## Big Model Problems and The Limitation of Existing Tools:

Data analytics is undergoing a revolution in many scientific domains. Machine learning becomes a popular method for analytics for which it allows computers to learn from the existing data and make predictions based off it. They have been widely used in computer vision, text mining, advertising, recommender systems, network analysis and genetics. Unfortunately, analyzing such huge data usually exceeds the capability of a single or even a few machines owing to the incredible volume of data available, and thus requires algorithm parallelization at an unprecedented scale. Scaling up these algorithms is challenging because of their prohibitive computation cost, not only the need to process enormous training data in iterations, but also the requirement to synchronize big model in rounds for algorithm convergence.

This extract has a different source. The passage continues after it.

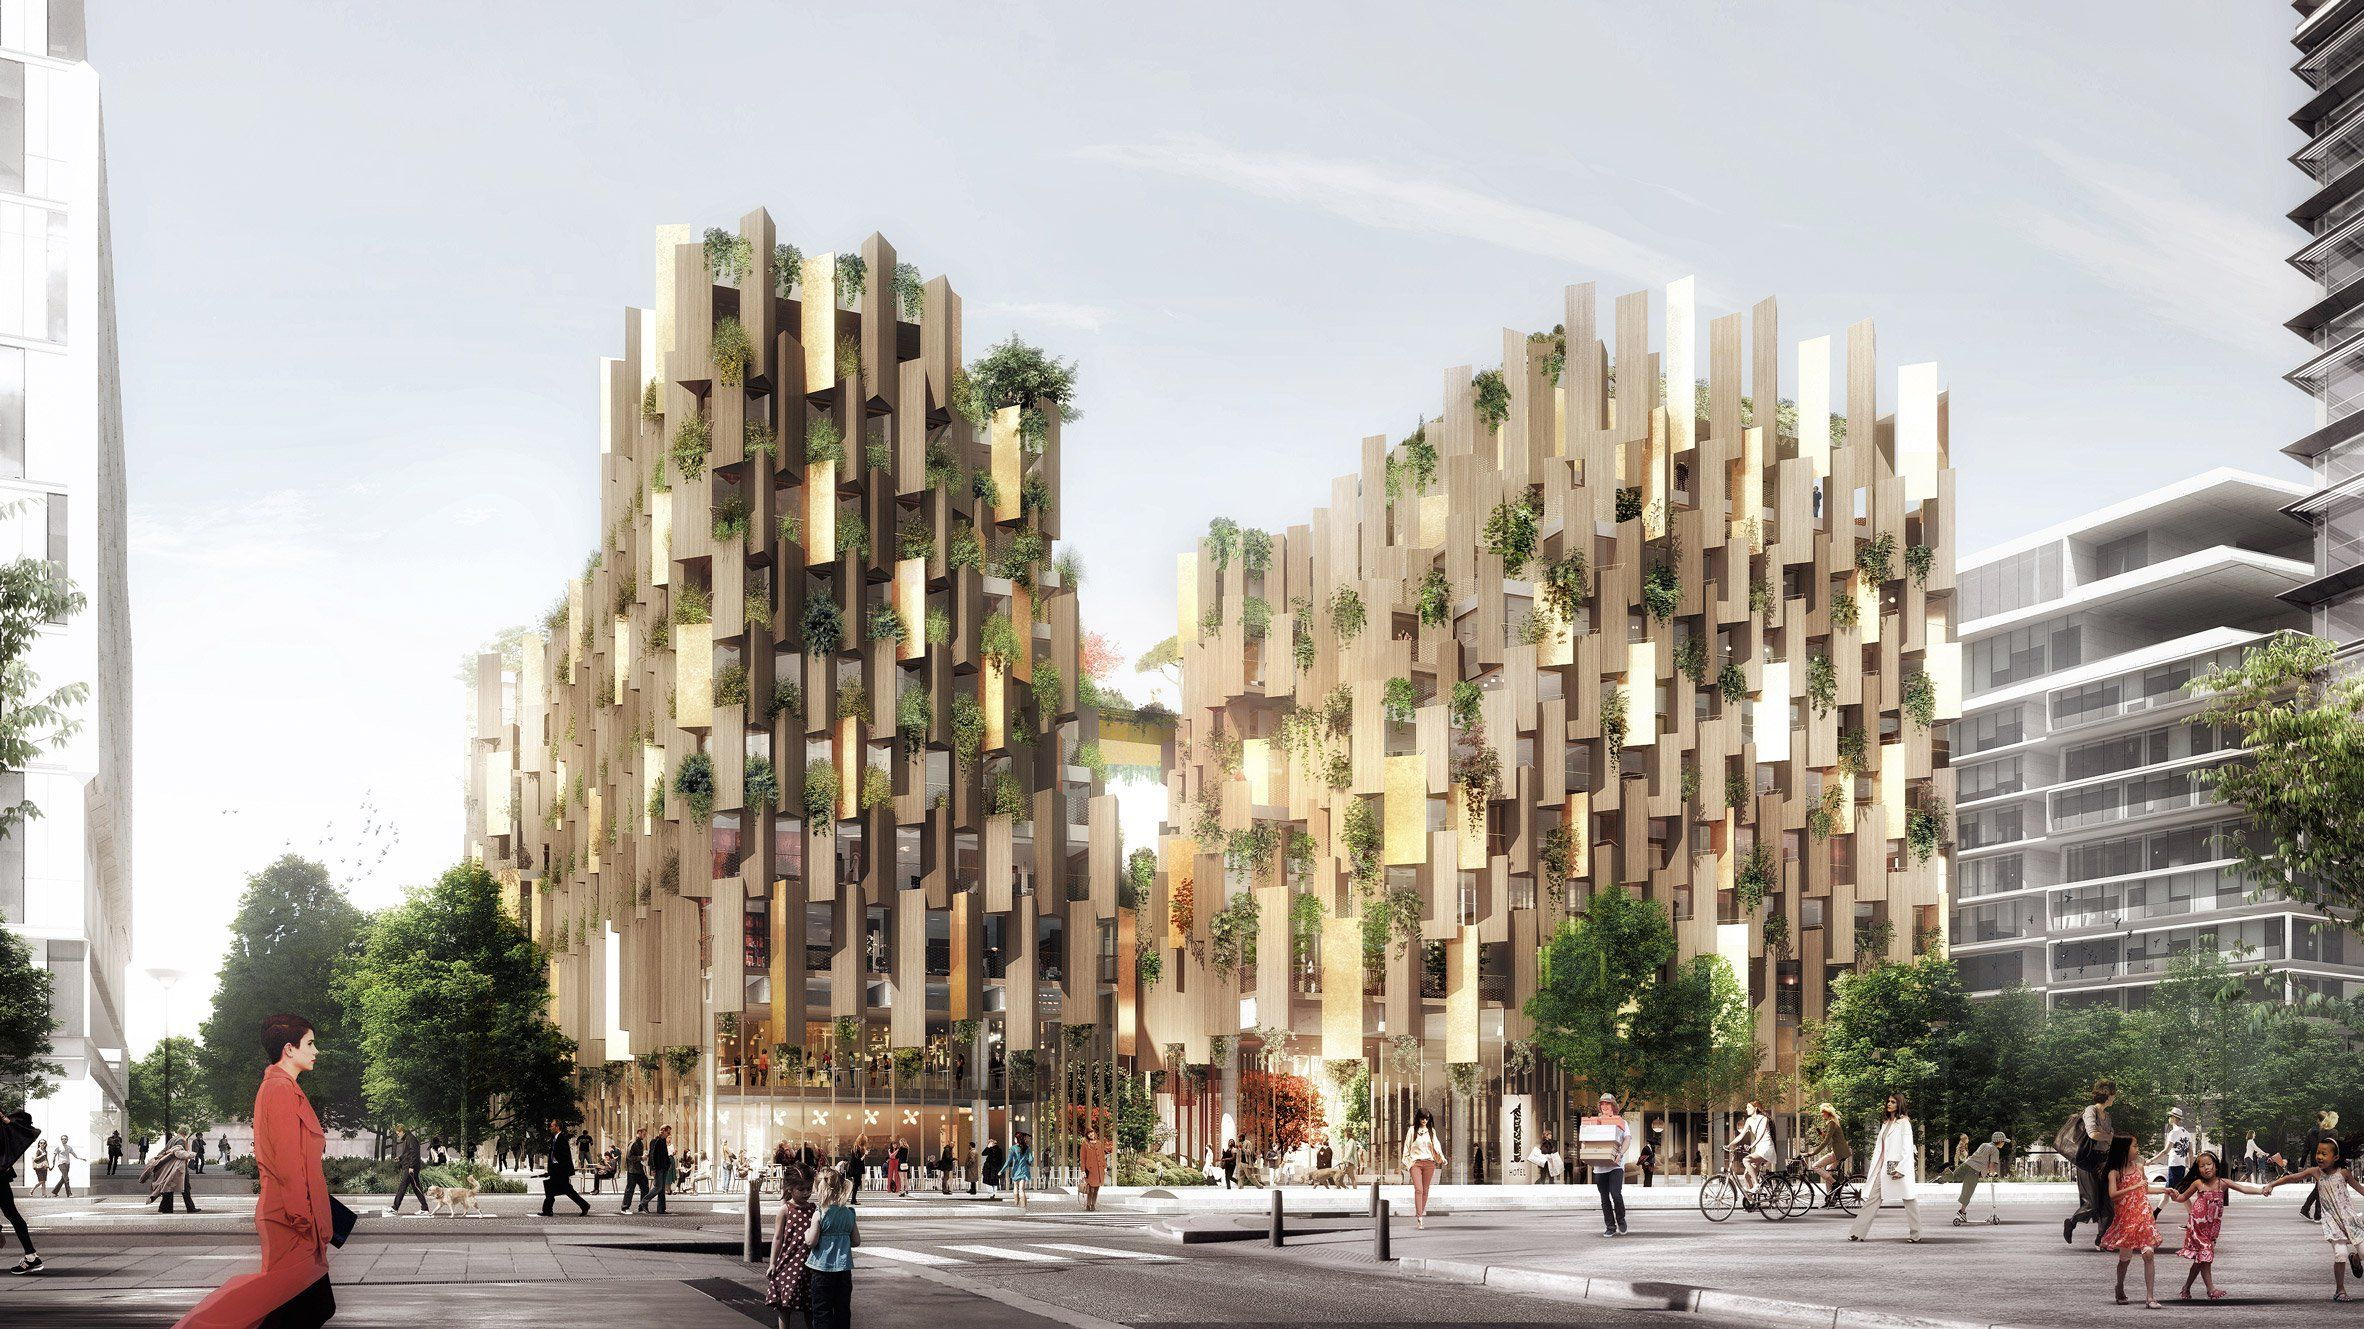 Eco luxury hotel in Paris by Kengo Kuma

The problem is simply referred as “the big model problem of big data machine learning”.

Many machine learning algorithms were implemented in MapReduce. However, these implementations suffer from repeated input data loading from the distributed file systems and slow disk-based intermediate data synchronization in the shuffling phase. This motivates the design of iterative MapReduce tools which utilize memory for data caching and communication and thus drastically improve the performance of large-scale data processing. Later big data tools have expanded rapidly and form an open-source software stack. Their programming models are not limited to MapReduce and iterative MapReduce. In graph processing tools, input data are abstracted as a graph and processed in iterations, while intermediate data per iteration are expressed as messages transmitted between vertices. In parameter servers, model parameters are stored in a set of server machines and they can be retrieved asynchronously in parallel processing.

While in contemporary tools performance is improved with in-memory caching, observations show that the parallelization of these iterative applications still suffers from two issues. To simplify the programming process, many tools’ design tries to fix the parallel execution flow and developers are only required to fill the bodies of user functions. However this results in limited support of the synchronization patterns. The parallelization performance suffers from performance inefficiency due to in-proper usage of synchronization patterns. To avoid this issue, some work turn to use MPI to develop machine learning applications. However, these applications developed achieve high performance but fall into the complicated code bases since MPI only provides basic communication operations.

## Harp Highlights:

To solve the problems mentioned above, the Harp’s approach is to use collective communication techniques to improve the performance of model synchronization in parallel machine learning. Therefore a MapCollective programming model is extended from the original MapReduce programming model. Similar to the MapReduce model, the MapCollective model still read key-value pairs as inputs. However, instead of using the shuffling phase, Harp uses optimized collective communication operations for data movement and provide high-level interfaces with partitioned distributed dataset abstractions for various synchronization patterns in iterative machine learning computation. These enhancements are designed as plug-ins to Hadoop so Harp can enrich the whole big data software stack.

With the Harp framework, the project focuses on building a machine learning library with the programming interfaces provided. Our research shows parallel machine learning applications can be categorized to four types of computation models. The classification of the computation models is based on the synchronization patterns and the effectiveness of the model parameter update. These computation models are mapped to the Harp programming interfaces to simplify the programming of machine learning applications. In sum, the Harp’s contribution includes:

Harp provides a collective communication library as a Hadoop plug-in and a set of Map-Collective programming interfaces to develop iterative machine learning applications with various synchronization patterns.

Four parallel computation models are categorized to characterize the parallelization of machine learning applications. “Allreduce” and “Rotation” based Computation models can be mapped to the Harp collective communication interfaces in order to simplify the implementation of parallel machine learning applications.

A collection of machine learning algorithms are implemented, including K-means Clustering, Multiclass Logistic Regression (MLR), Support Vector Machine (SVM), Latent Dirichlet Allocation (LDA) and Matrix Factorization (MF). Our experiment results of LDA implementations reveal that the “Rotation” based computation model is faster than the “Allreduce” type computation model. Now three algorithms are built on top of model rotation: Collapsed Gibbs Sampling (CGS) for LDA, Stochastic Gradient Descent (SGD) and Cyclic Coordinate Descent (CCD) for MF. The performance results on an Intel Haswell cluster show that our solution achieves faster model convergence speed and higher scalability compared with other related work.